1. A method of inflating and deflating a tyre on a vehicle, said vehicle having a rotatable air passage connectable to a tyre, said vehicle having a non rotatable air passage through which air is conducted from a pressurised air supply, one of the passages having sealing means for connecting with a contact component of the other passage and wherein prior to inflation and deflation of the tyre, one of the passages is pressurised to ensure the integrity of the sealing means with the contact component.

2. The method of inflating and deflating a tyre as claimed in claim 1 wherein the rotatable air passage is pressurised for a pre-determined amount of time prior to inflating and deflating the tyre.
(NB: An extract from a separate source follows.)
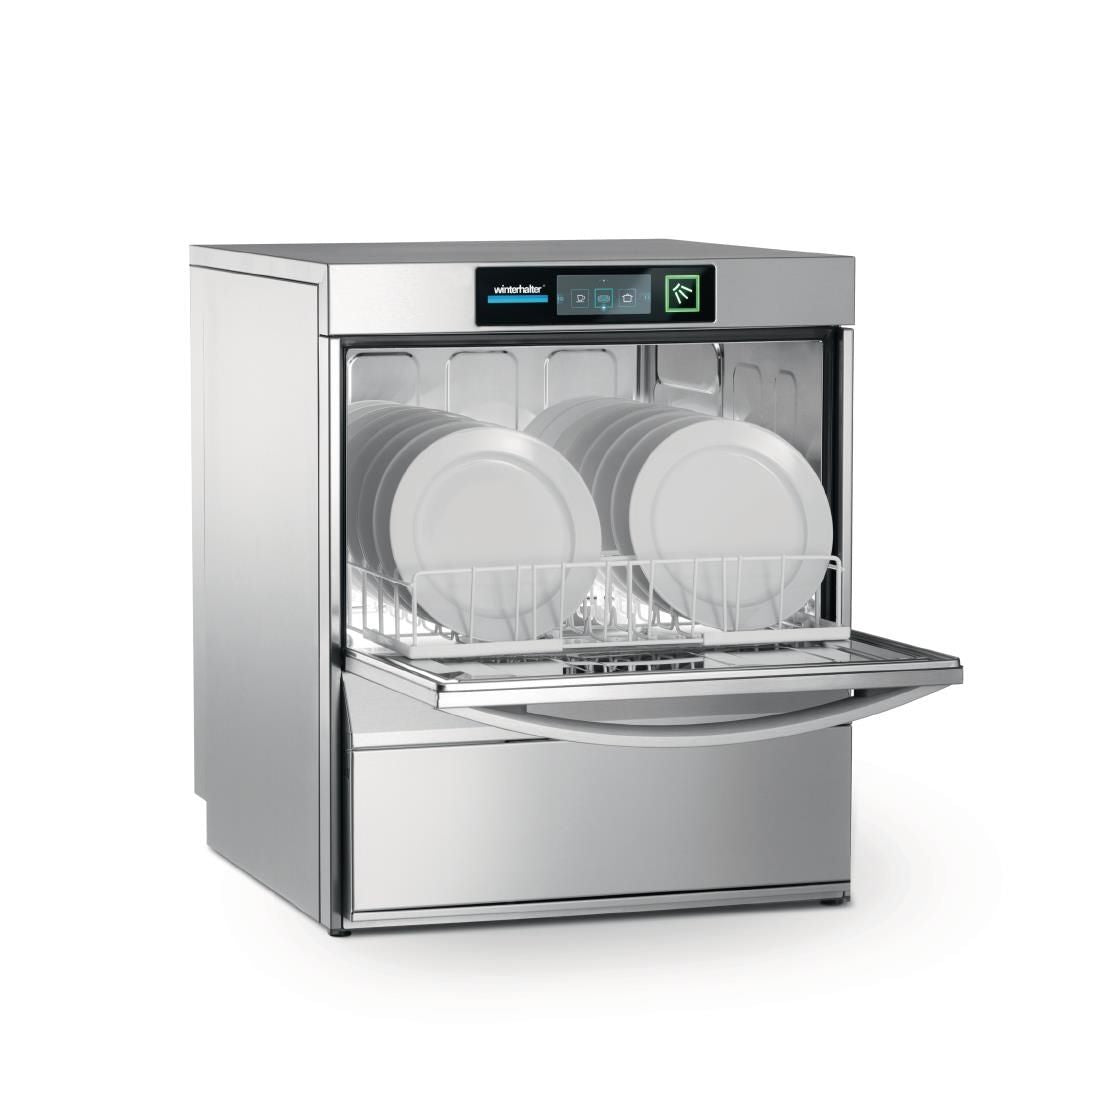 DE642 Winterhalter Undercounter Dishwasher UC-M JD Catering Equipment Solutions Ltd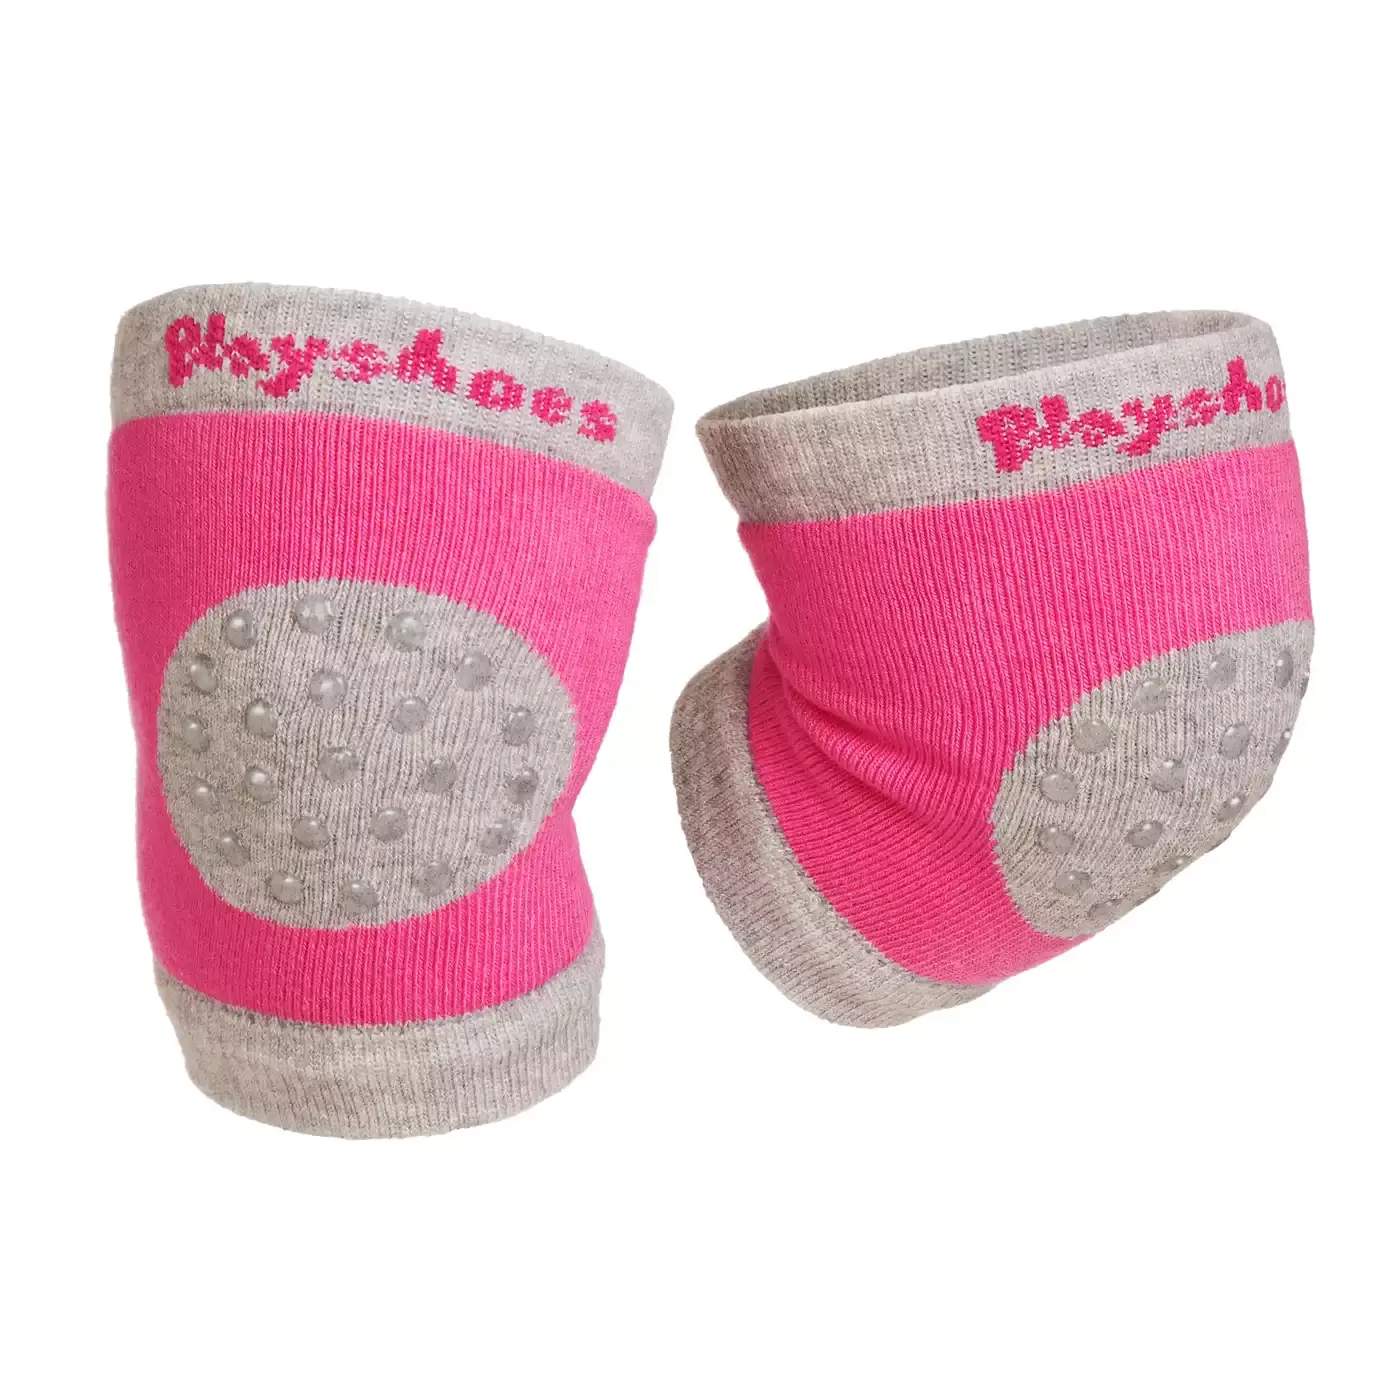 Knieschoner Playshoes Pink Rosa 2019579004003 1

3. The method of inflating and deflating a tyre as claimed in claim 2 wherein an air supply line connects the rotatable air passage to the tyre and wherein the air supply line is blocked to facilitate pressurisation thereof.

4. The method of inflating and deflating a tyre as claimed in claim 3 wherein the air supply line is provided with a pressure sensor and the rotatable air passage is pressurised until a pre-determined pressure is reached.

5. The method of inflating and deflating a tyre as claimed in claim 3 wherein the rotatable air passage is connected to a pressurised air supply by a first valve means and connected to the tyre via a second valve means, said first valve means mounted on the non rotatable part and said second valve means located in the air supply line and when the need for pressurisation is detected, the second valve means is closed and the first valve means is adjusted to pressurise the rotatable air passage.

6. The method of inflating and deflating a tyre as claimed in claim 5 wherein when the pre-determined pressure is reached, the second valve means is opened and the tyre is pressurised or de-pressurised.

7. The method of inflating and deflating a tyre as claimed in claim 6 wherein when the pre-determined pressure is not reached, the inflation and deflation is aborted and a warning to the driver is given.

8. The method of inflating and deflating a tyre as claimed in claim 5 wherein the first valve means is a stop valve or a pilot valve.

9. The method of inflating and deflating a tyre as claimed in claim 5 wherein the second valve means is electronically or pneumatically controlled.

10. The method as claimed in claim 5 wherein a vehicle control unit identifies the need to pressurise the rotatable air passage and controls the operation of the first and second valves.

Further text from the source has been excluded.